When considering what time to hold your wedding ceremony, keep in mind that it will also affect your wedding reception. Some reception set-ups and menus work only for certain times of day, so it's best to take note of what elements you'd like in your reception and see where it fits.
Read on for the different reception times and styles and see which works best for you.
If your dream wedding involves greeting the sunrise as husband and wife then a breakfast wedding might be just the ticket.
Most people have a breakfast wedding to cut costs on food or even the venue but some just do it to make their wedding a touch more memorable. The pros of having a reception early in the day are: it's usually less expensive than lunch or dinner receptions; your guests have more time to schedule other things later in the day; plus, you can get an early start on the much-awaited honeymoon. Some cons are: there's less time for you and your entourage to prepare, and your (out-of-town) guests might find the early call time a tad inconvenient.

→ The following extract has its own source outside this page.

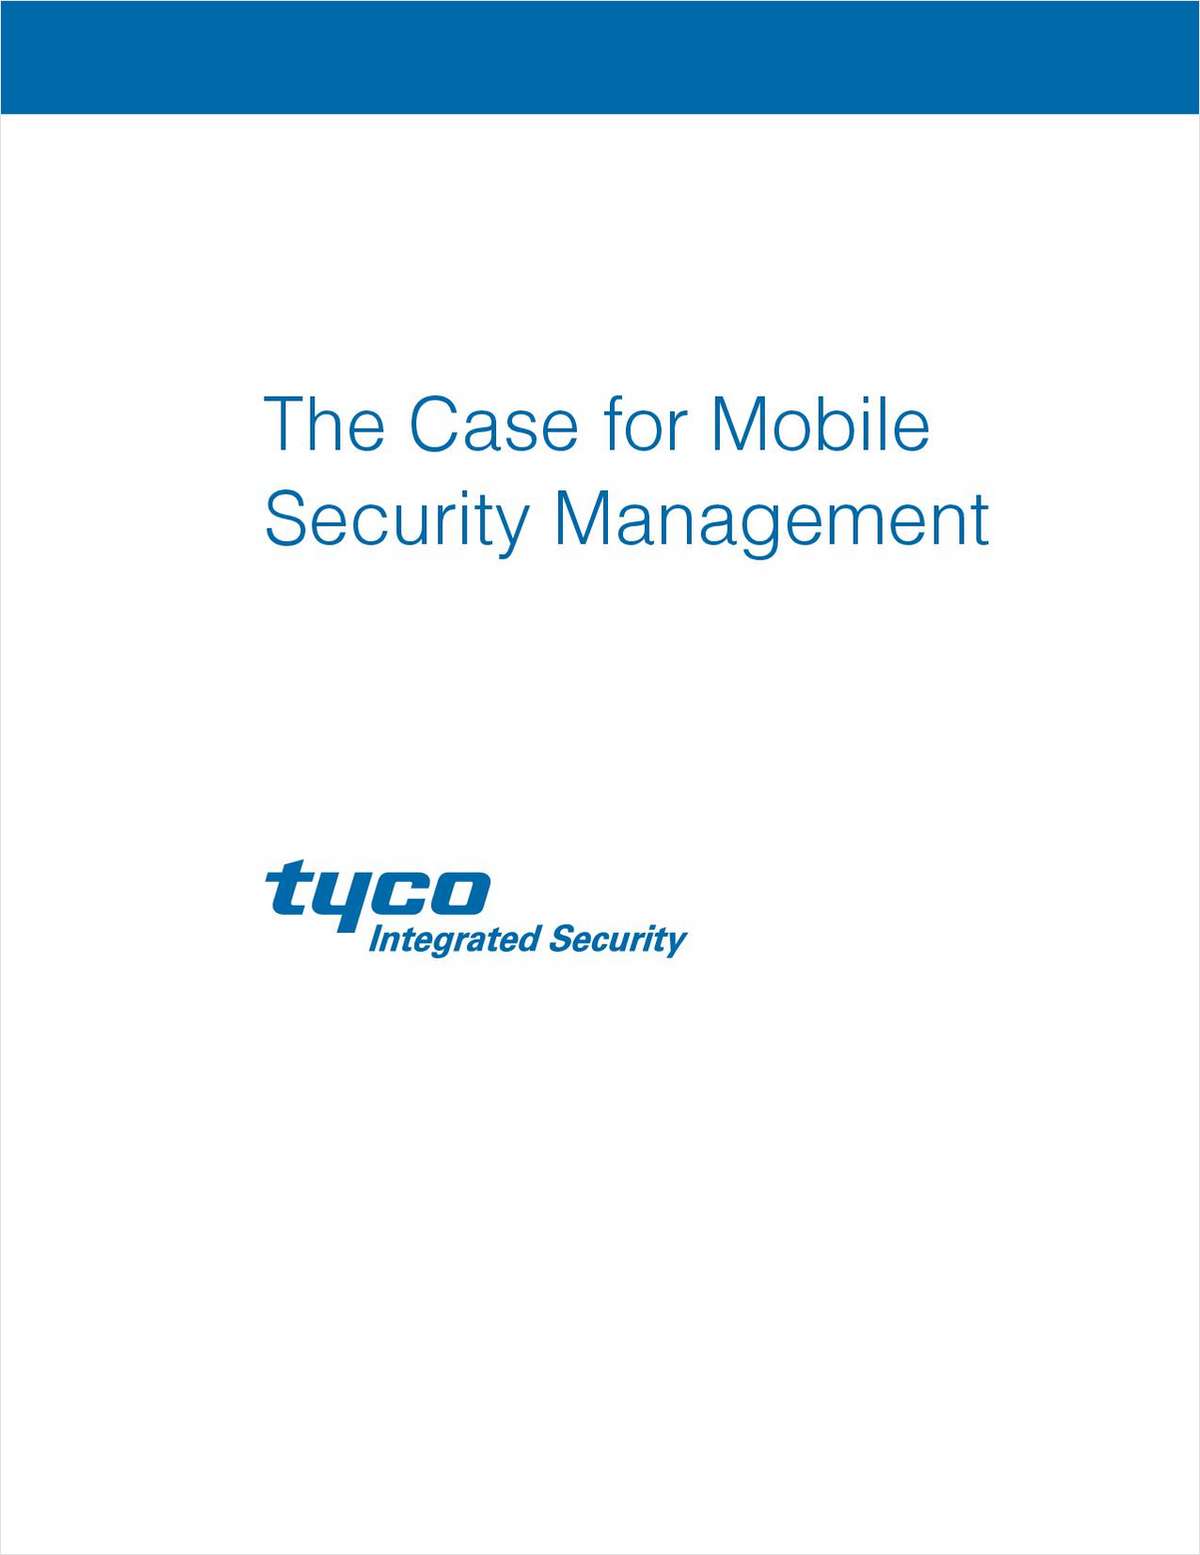 The Case for Mobile Security Management

Keep in mind that breakfast receptions should be short and sweet and shouldn't spill over to lunch time, but that doesn't mean serving dishes that won't tide them over until then. Breakfast is the most important meal of the day so make sure to serve your guests filling dishes.
Depending on how you approach it, breakfast receptions can be laid-back and quirky or elegantly executed. For a more up-scale take, try putting a spin on breakfast classics by serving them as hors d' oeuvres or incorporating some expensive items into a sit-down menu on fine china and silverware like caviar, steak and salmon. If you want a more casual feel, think an assortment of tea, pastries, quiches or even a station where guests can customize crepes, pancakes, and omelets. Placing bread baskets on each table is also a nice idea. Presentation can do wonders for the tone you're trying to set.
If you and your hubby-to-be are not really morning people but you're also not keen on going overboard on the budget for a lavish evening banquet then maybe a lunch reception is the right choice for you.
Lunch receptions are often overlooked because they tend to feel rushed, but if done properly you could end up saving a lot and still have the reception you've always dreamed of.
The upside to having a lunch reception is more prep time and leeway for your guests to make it to the ceremony and reception on time. You can also get most of the dishes you might have wanted for an evening reception minus the steep prices. The challenge, however, is in being more creative with the program as some guests might find it a staid affair and tend to leave right after lunch. That said, don't plan anything too elaborate either. No one will want to dance right after lunch and song numbers and the like might go unappreciated.
You might also think that a lunch menu just means the usual rice and viands, but you will be pleased to note that an interactive menu also works well during lunch. Beef up your menu with a carving station or offer an on-the-spot cooking station. Entice your guests with a dessert buffet so that they'll stay a bit longer. Alcoholic drinks are not really associated not expected at lunch receptions, but make sure to give the guests an option of either coffee or tea afterwards as most people enjoy a warm cup after a filling meal.
If you're more of a classic and traditional bride or the type who would want to party and dance the night away with your guests then a dinner reception is the answer for you.
Dinner receptions are often known for being the most expensive type of package whether it's a lavish buffet or sit-down dinner. They're also regarded as the longest and most formal type of reception starting with cocktails, then dinner, followed by cake-cutting, bouquet toss and so on. Mobile bars, DJs, lights, fireworks, and other add-ons to a dinner reception also up the expense factor.
Some pros of having an evening reception are: you can really take the time to make your guests feel special and entertained; you have the luxury of preparing for your wedding the whole day; and, you can celebrate your wedding by partying the night away with your loved ones. On the other hand, venues and most menu selections do cost more for dinner receptions, and some venues may have a limit as to how long you can stay, especially if they have another event the next morning.
Because it also takes the longest, make sure the food you serve is filling enough to keep curb the guests' hunger pangs. This is especially true if they will be waiting for quite a while before the reception starts. Serve pass-around appetizers or place snacks on their table such as nuts or biscuits. Be mindful that some people avoid heavy meals at night so be ready with lighter yet just-as-sumptuous options, such as a salad bar, for example. For guests partying the night away, a "late-night snack" a couple of hours after the dancing starts is a pleasant surprise.
Whatever time of day (or night) you choose to hold your reception, the most important thing is that it is the time that you and your groom are at your best. Don't be afraid to bend the rules a little in terms of what's conventional to make the celebration truly your own.